OrderMinHash API
The OrderMinHash class provides functionality for sketching sequences and computing similarities or distances between them. This class is particularly suited for biological sequence analysis.
C++ Interface
-
OrderMinHash()
Constructs an OrderMinHash object with default parameters.
-
void buildSketch(char *seqNew)
Builds the OrderMinHash sketch. If seqNew is NULL, the sketch is rebuilt using the existing data. This is useful when parameters are changed, and a new sketch needs to be created.
- Parameters:
seqNew (char**): A pointer to the sequence for sketching. If NULL, rebuilds the sketch with existing data.
-
double similarity(OrderMinHash &omh2)
Computes the similarity between two OrderMinHash sketches. This is a proxy for edit distance and does not calculate Jaccard similarity.
- Parameters:
omh2 (OrderMinHash&): The other OrderMinHash object to compare.
- Returns:
double: The similarity score.
-
double distance(OrderMinHash &omh2)
Computes the distance between two OrderMinHash sketches. The distance is defined as (1.0 - text{similarity}).
- Parameters:
omh2 (OrderMinHash&): The other OrderMinHash object to compare.
- Returns:
double: The distance score.
-
void setK(int k)
Sets the k-mer size parameter. Default is 21.
- Parameters:
k (int): The k-mer size.
-
void setL(int l)
Sets the l parameter, typically between 2 and 5. Default is 2.
- Parameters:
l (int): The l parameter value.
-
void setM(int m)
Sets the m parameter. Default is 500.
- Parameters:
m (int): The m parameter value.
-
void setSeed(uint64_t seedNew)
Sets the seed value for the random generator. Default is 32.
- Parameters:
seedNew (uint64_t): The new seed value.
-
void setReverseComplement(bool isRC)
Specifies whether to deal with reverse complement sequences.

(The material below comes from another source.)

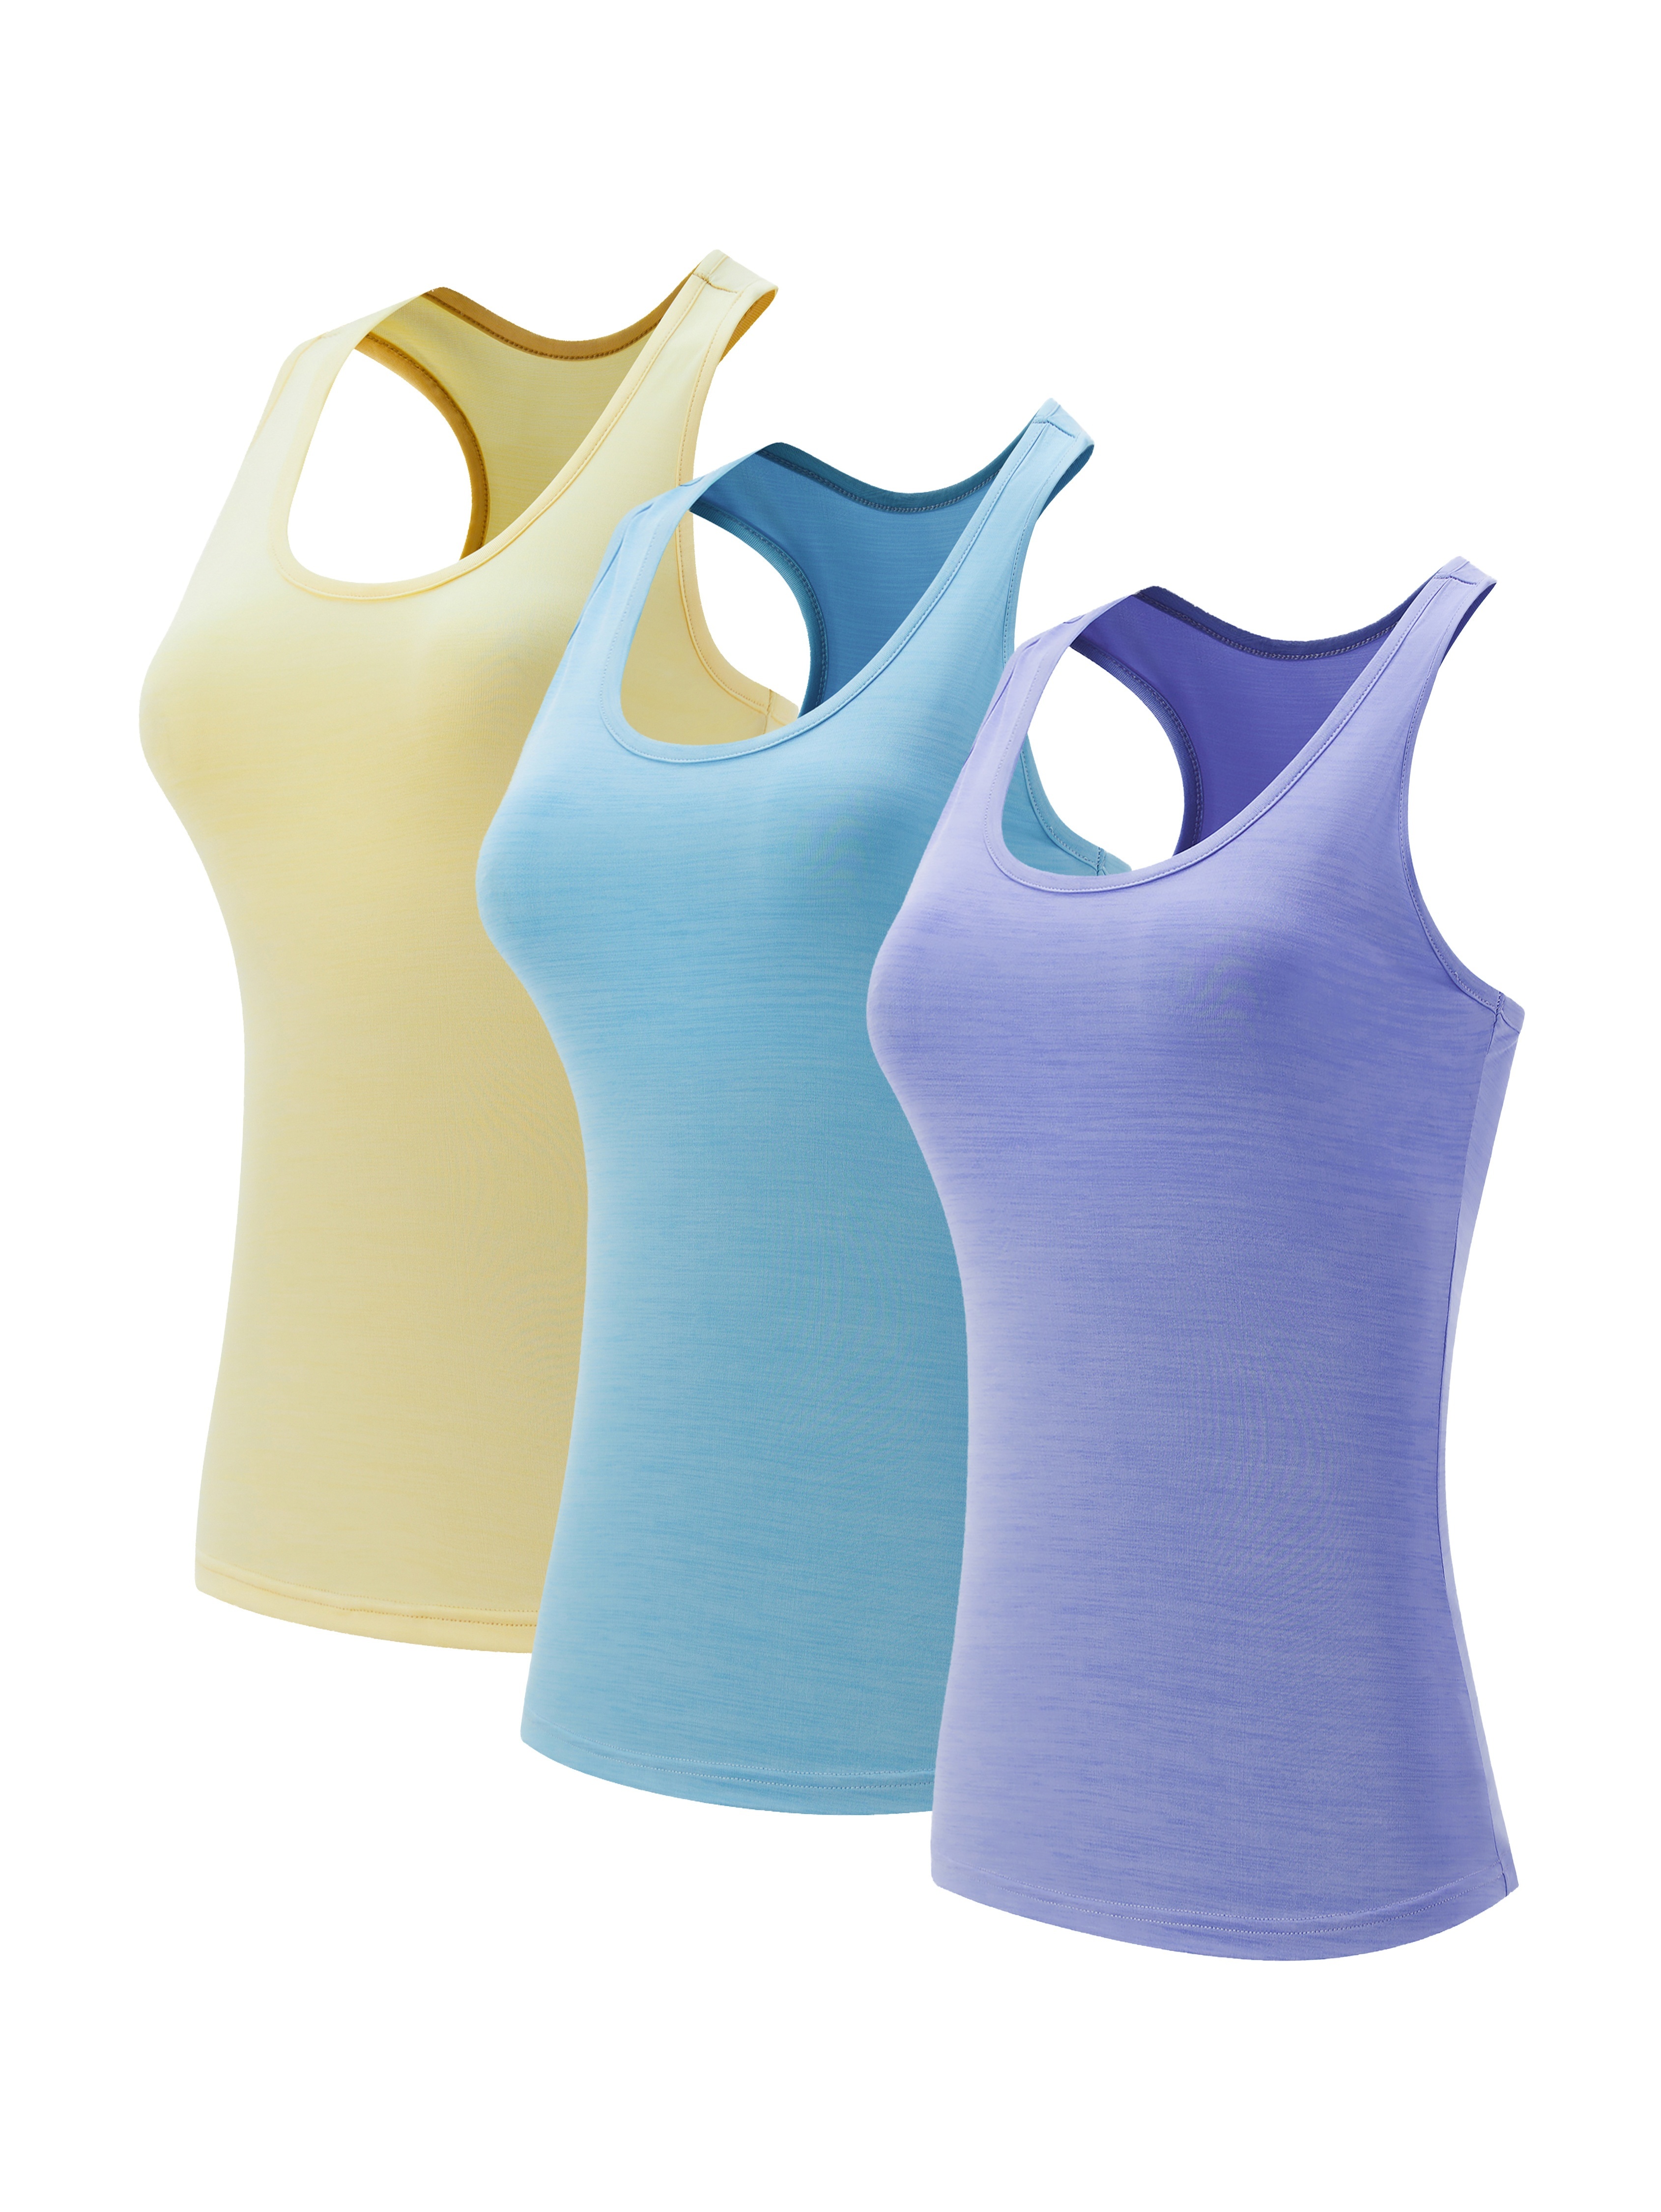 Workout Tank Tops For Women Built In Bra, Athletic Racerback Running Sports  Cami Tank Top, Women's Tops

Default is false.
- Parameters:
isRC (bool): true to consider reverse complements, false otherwise.
-
int getK()
Returns the k-mer size parameter.
- Returns:
int: The k-mer size.
-
int getL()
Returns the l parameter value.
- Returns:
int: The l parameter value.
-
int getM()
Returns the m parameter value.
- Returns:
int: The m parameter value.
-
uint64_t getSeed()
Returns the random generator seed value.
- Returns:
uint64_t: The seed value.
-
bool isReverseComplement()
Indicates whether reverse complement sequences are considered.
- Returns:
bool: true if reverse complements are considered, false otherwise.
—
Python Interface
- class OrderMinHash
Represents the Python interface for OrderMinHash.
- build_sketch(seqNew: Optional[str])
Builds the OrderMinHash sketch. If seqNew is None, rebuilds the sketch using existing data.
- Parameters:
seqNew (Optional[str]): The sequence to sketch. If None, rebuilds the sketch with existing data.
- similarity(omh2: OrderMinHash) float
Computes the similarity between two OrderMinHash sketches.
- Parameters:
omh2 (OrderMinHash): The other OrderMinHash object to compare.
- Returns:
float: The similarity score.
- distance(omh2: OrderMinHash) float
Computes the distance between two OrderMinHash sketches.
- Parameters:
omh2 (OrderMinHash): The other OrderMinHash object to compare.
- Returns:
float: The distance score.
- set_k(k: int)
Sets the k-mer size parameter. Default is 21.
- Parameters:
k (int): The k-mer size.
- set_l(l: int)
Sets the l parameter, typically between 2 and 5. Default is 2.
- Parameters:
l (int): The l parameter value.
- set_m(m: int)
Sets the m parameter. Default is 500.
- Parameters:
m (int): The m parameter value.
- set_seed(seed: int)
Sets the seed value for the random generator. Default is 32.
- Parameters:
seed (int): The new seed value.
- set_reverse_complement(isRC: bool)
Specifies whether to deal with reverse complement sequences. Default is False.
- Parameters:
isRC (bool): True to consider reverse complements, False otherwise.